──────── DATASET SECTION ────────
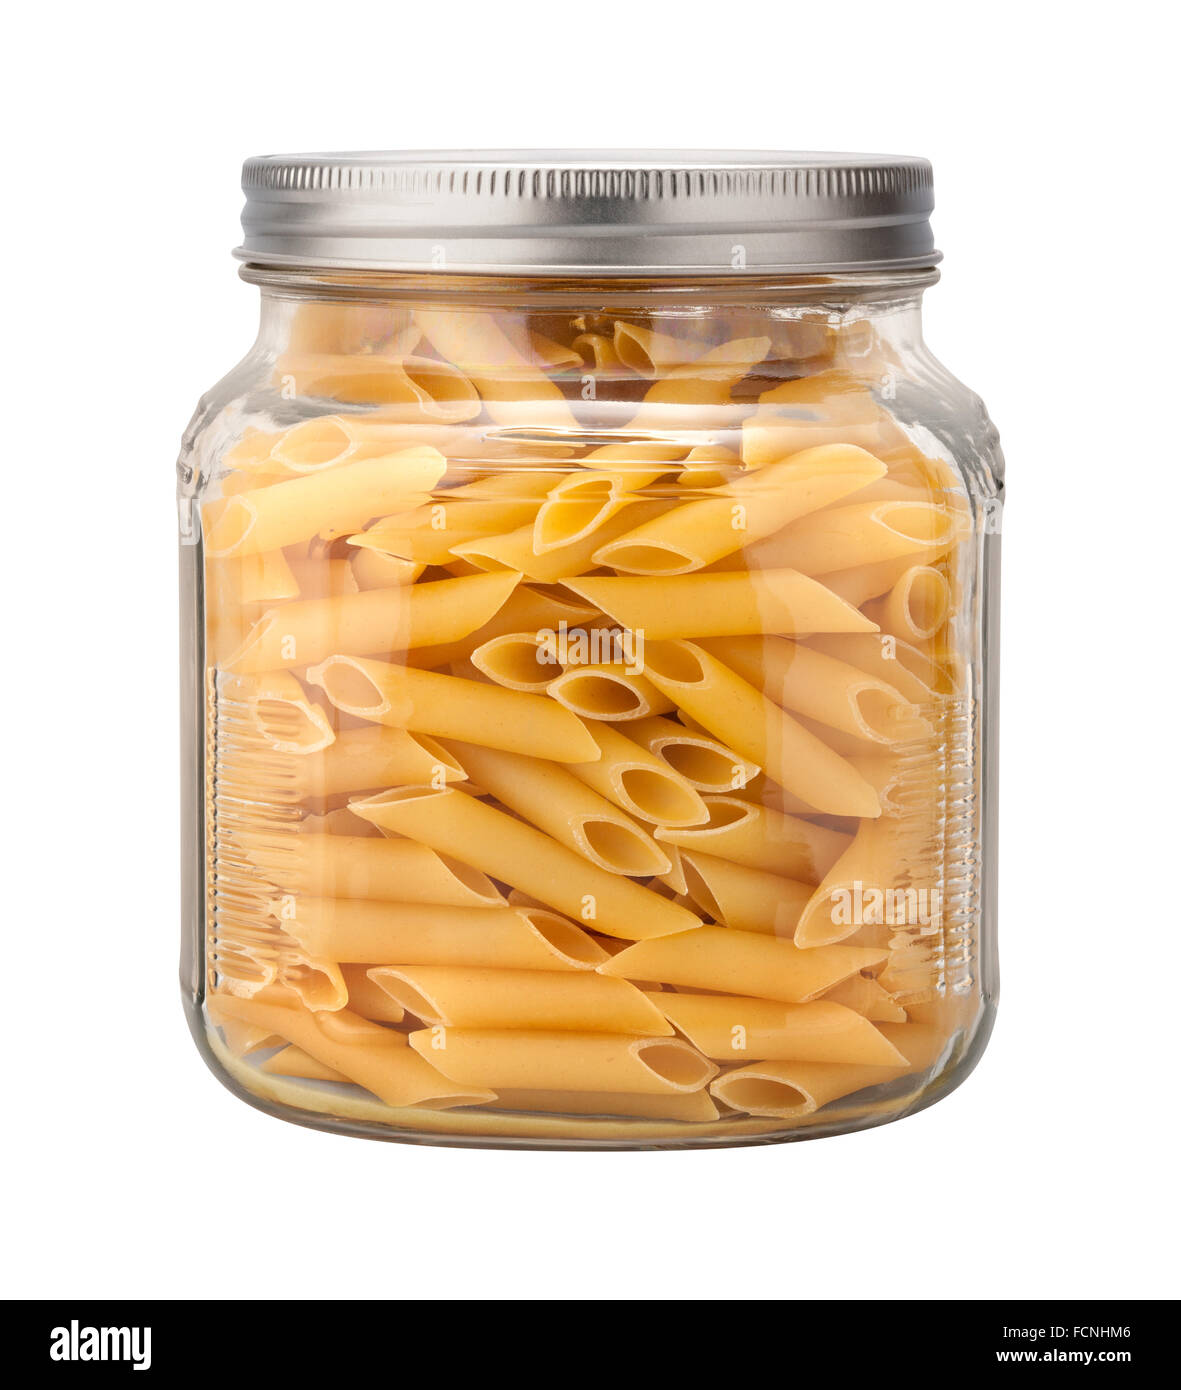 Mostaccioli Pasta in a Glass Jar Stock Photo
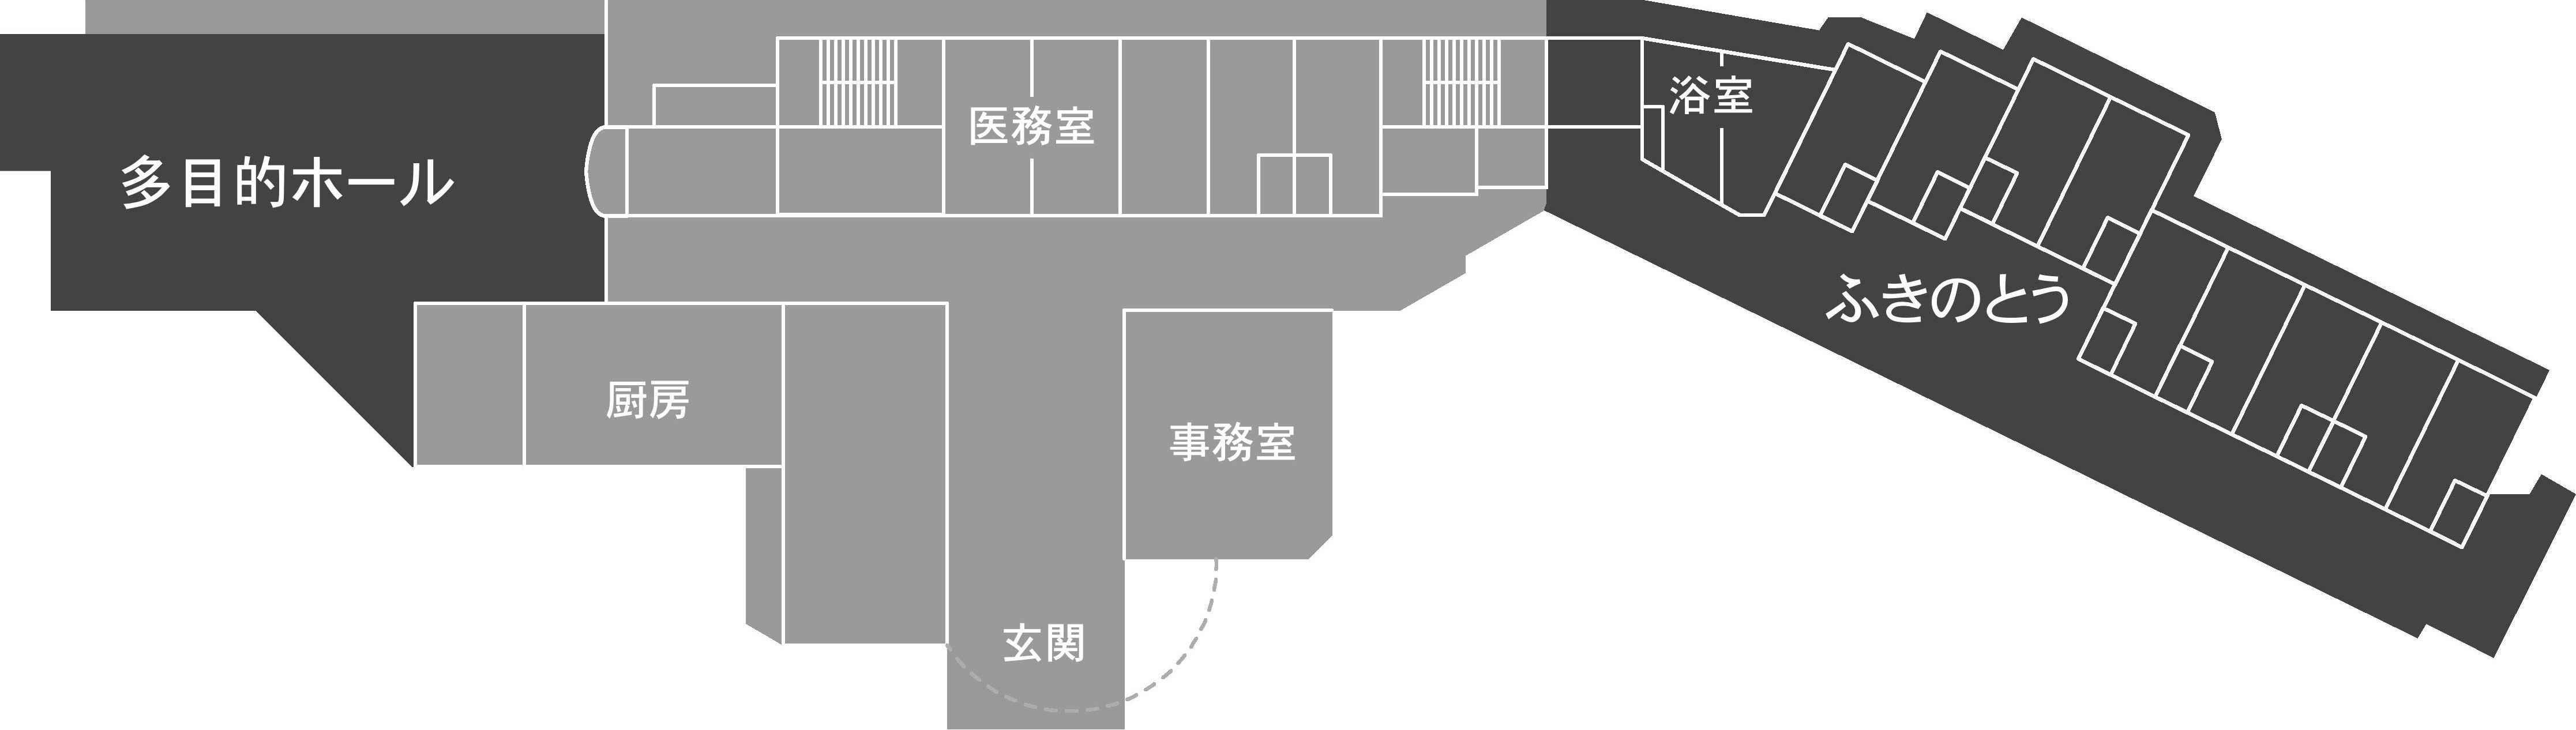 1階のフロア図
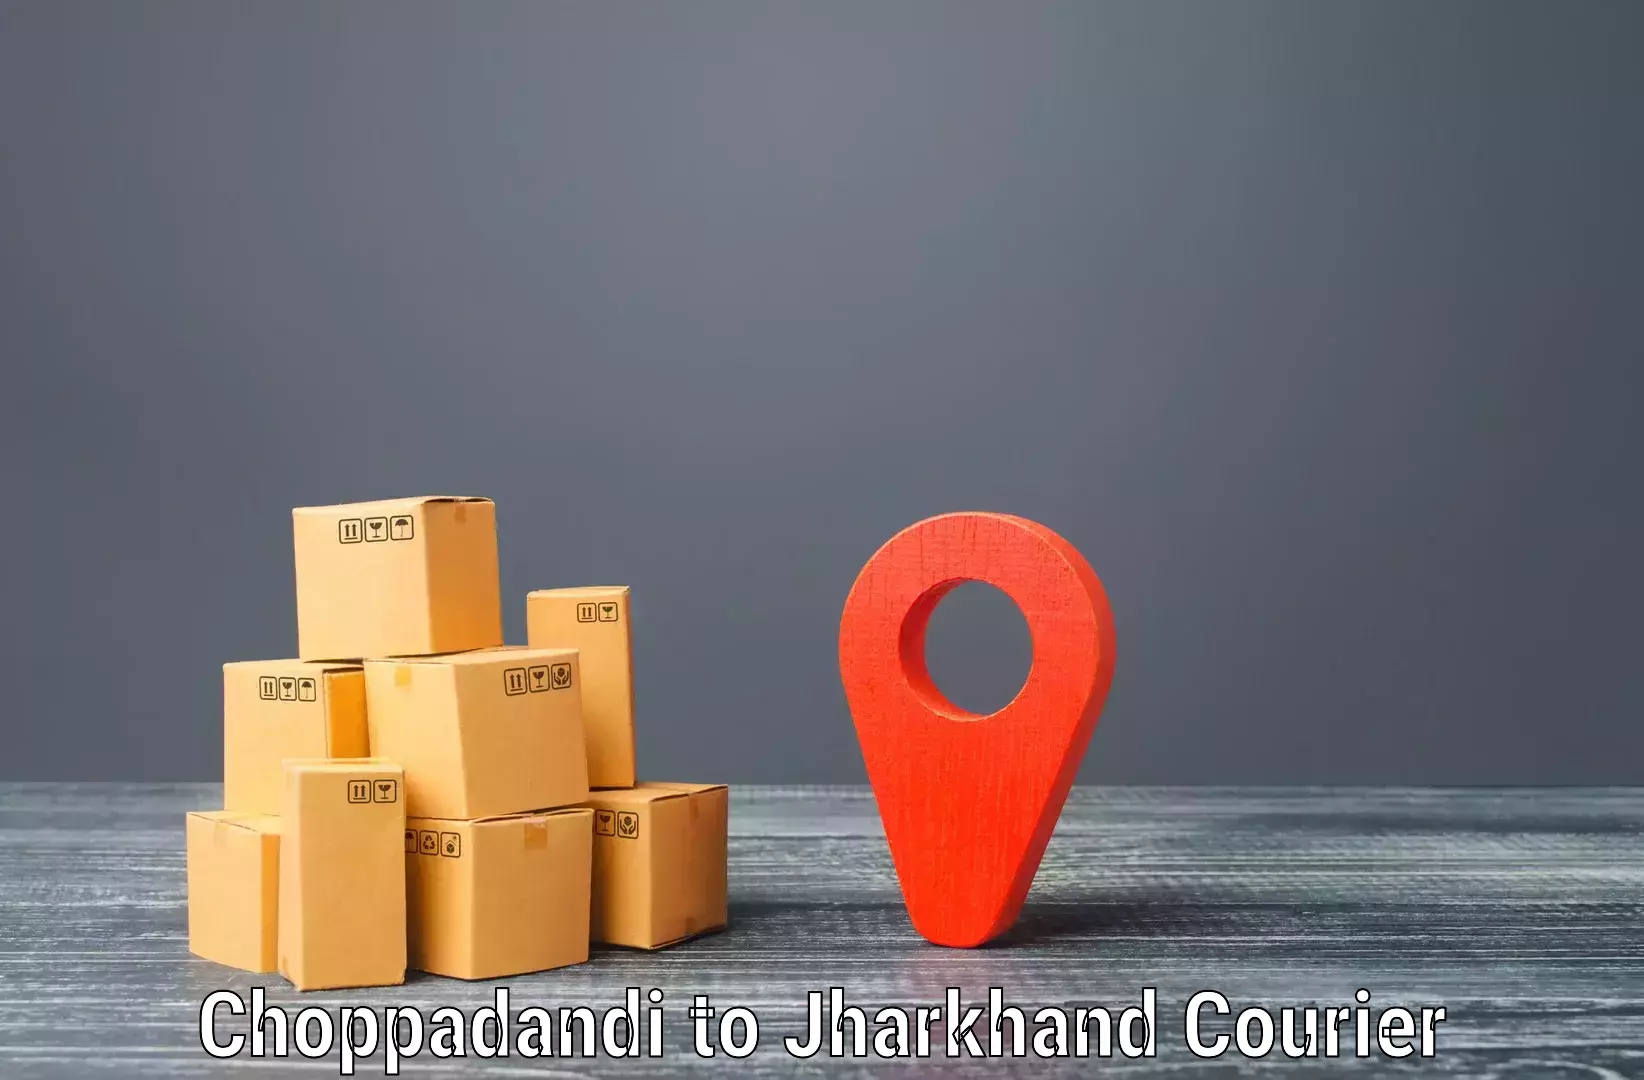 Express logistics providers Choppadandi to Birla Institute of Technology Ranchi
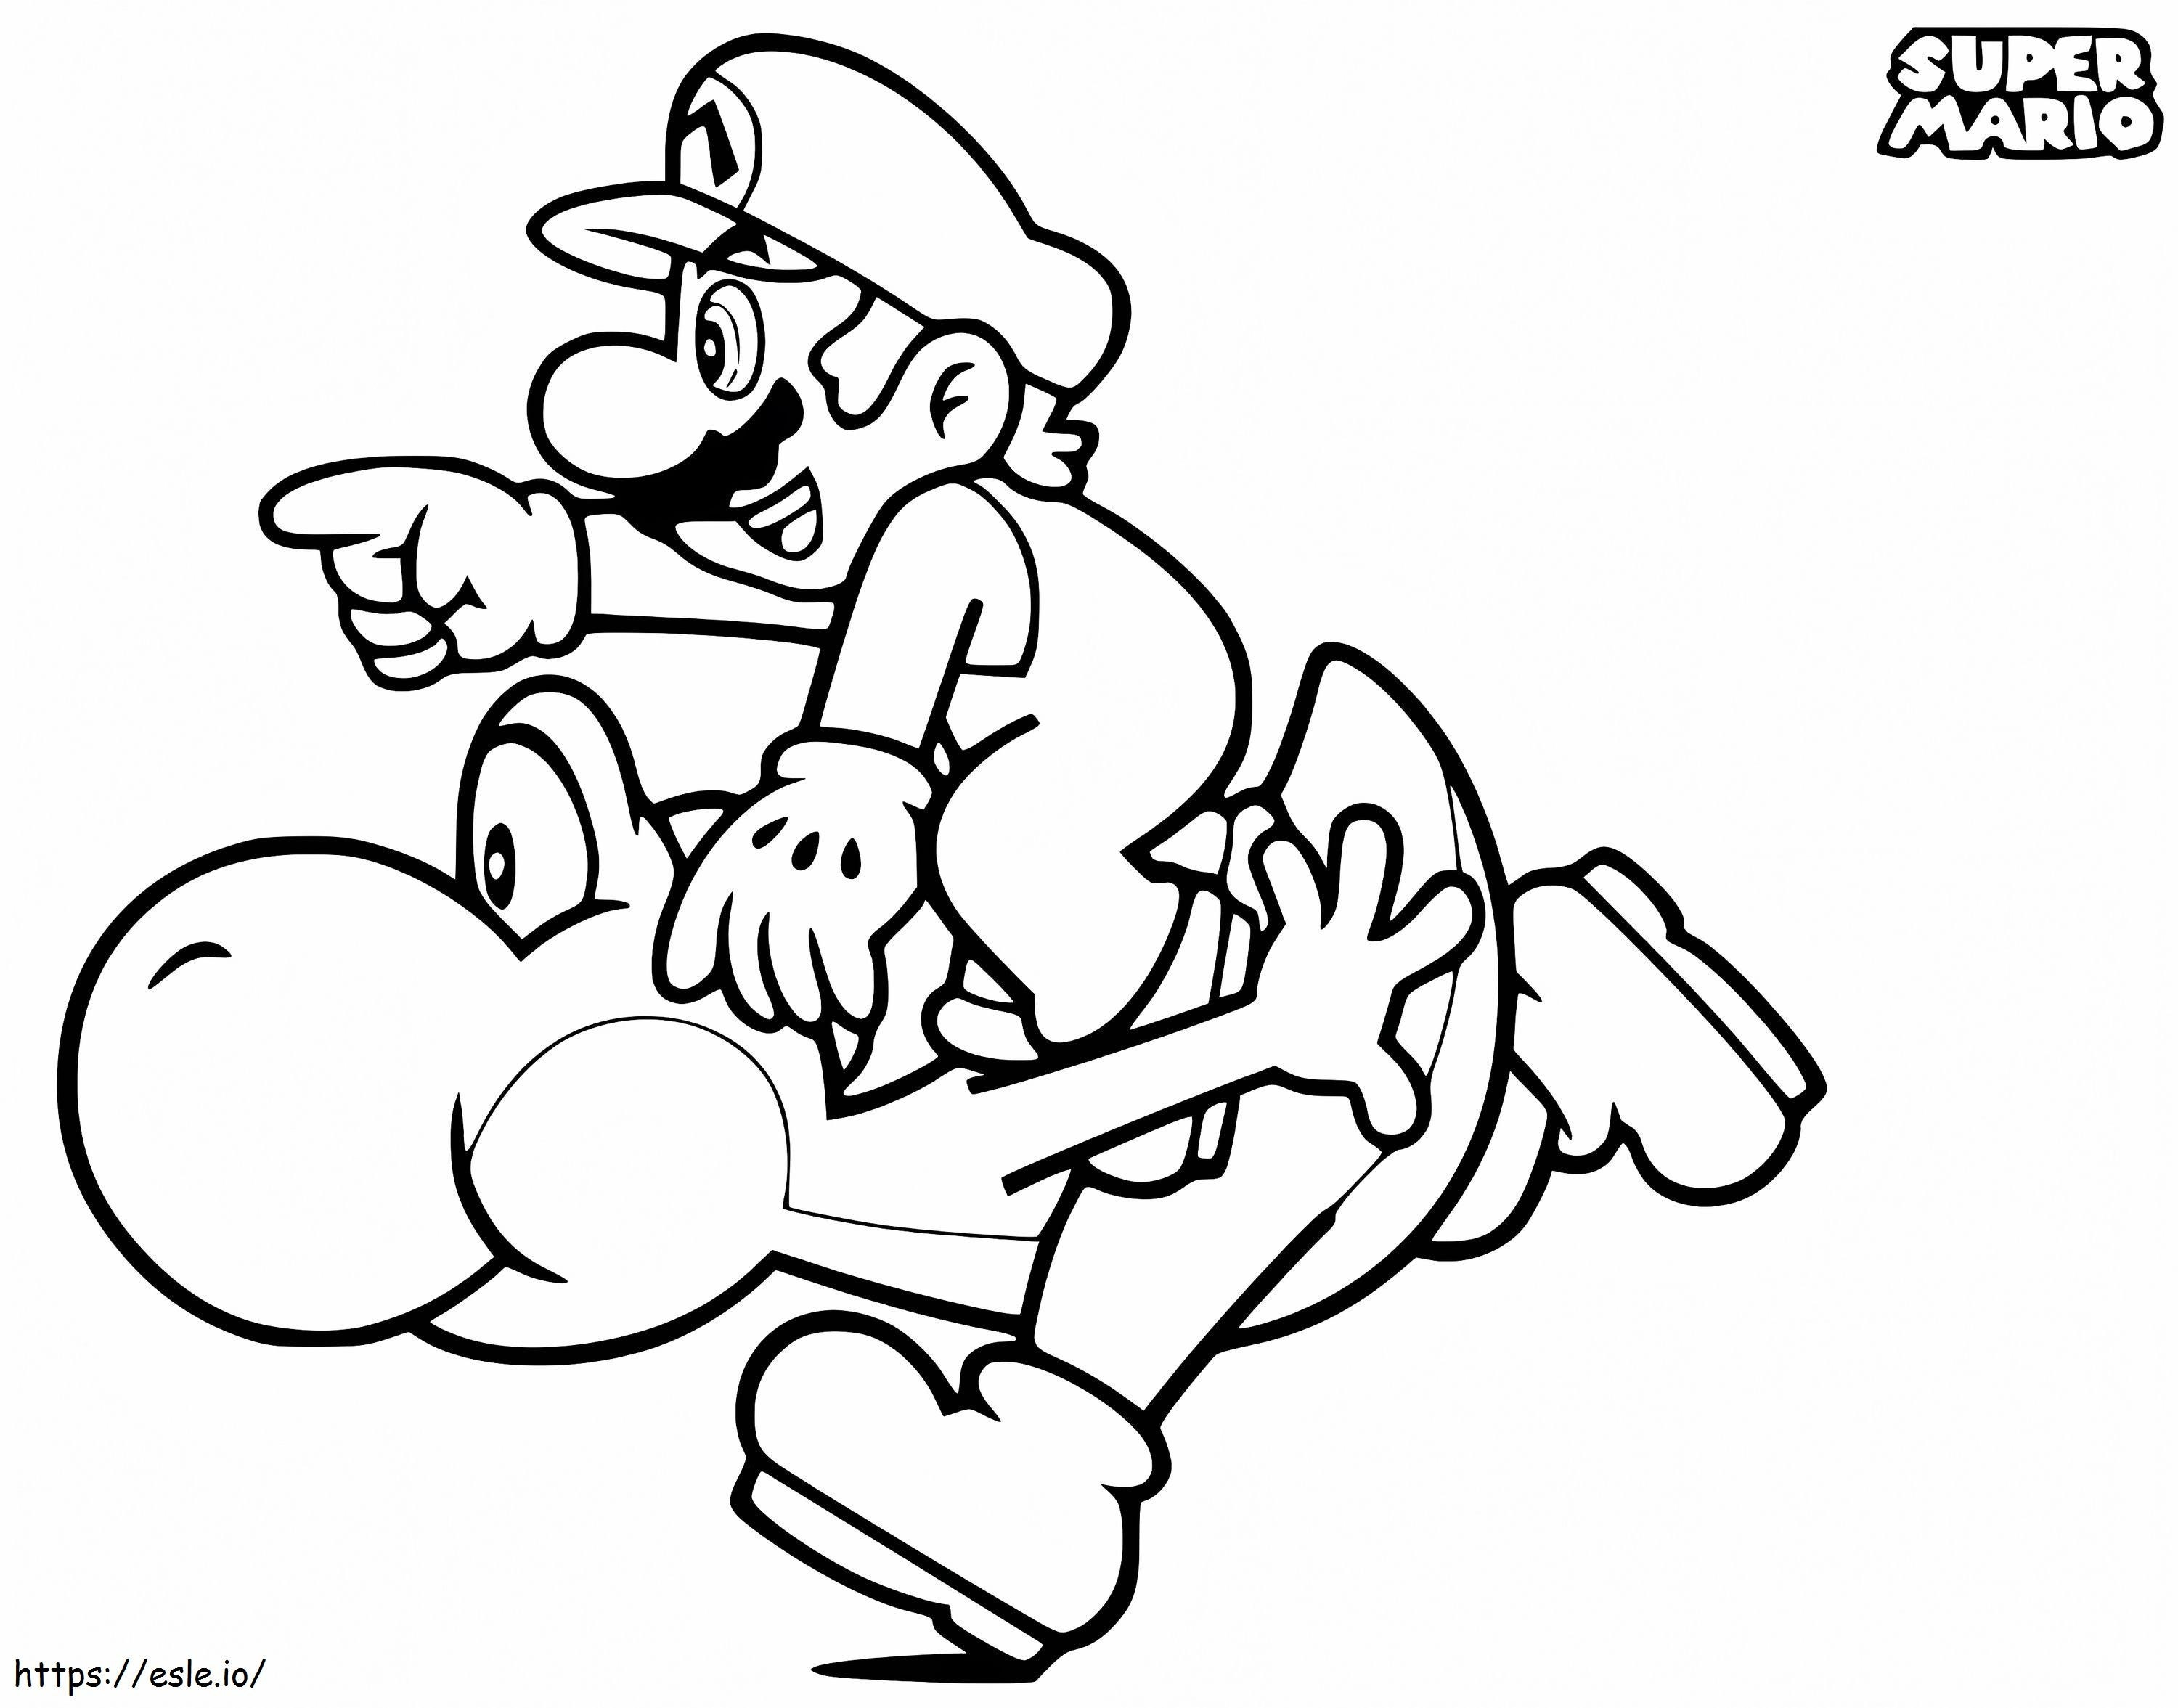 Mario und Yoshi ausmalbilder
────────
> AIM OF THE EXERCISE
Could you output the listing word for word, omitting every picture?

> RESPONSE BOX
 Mostaccioli Pasta in a Glass Jar Stock Photo
 1階のフロア図
 Express logistics providers Choppadandi to Birla Institute of Technology Ranchi
 Mario und Yoshi ausmalbilder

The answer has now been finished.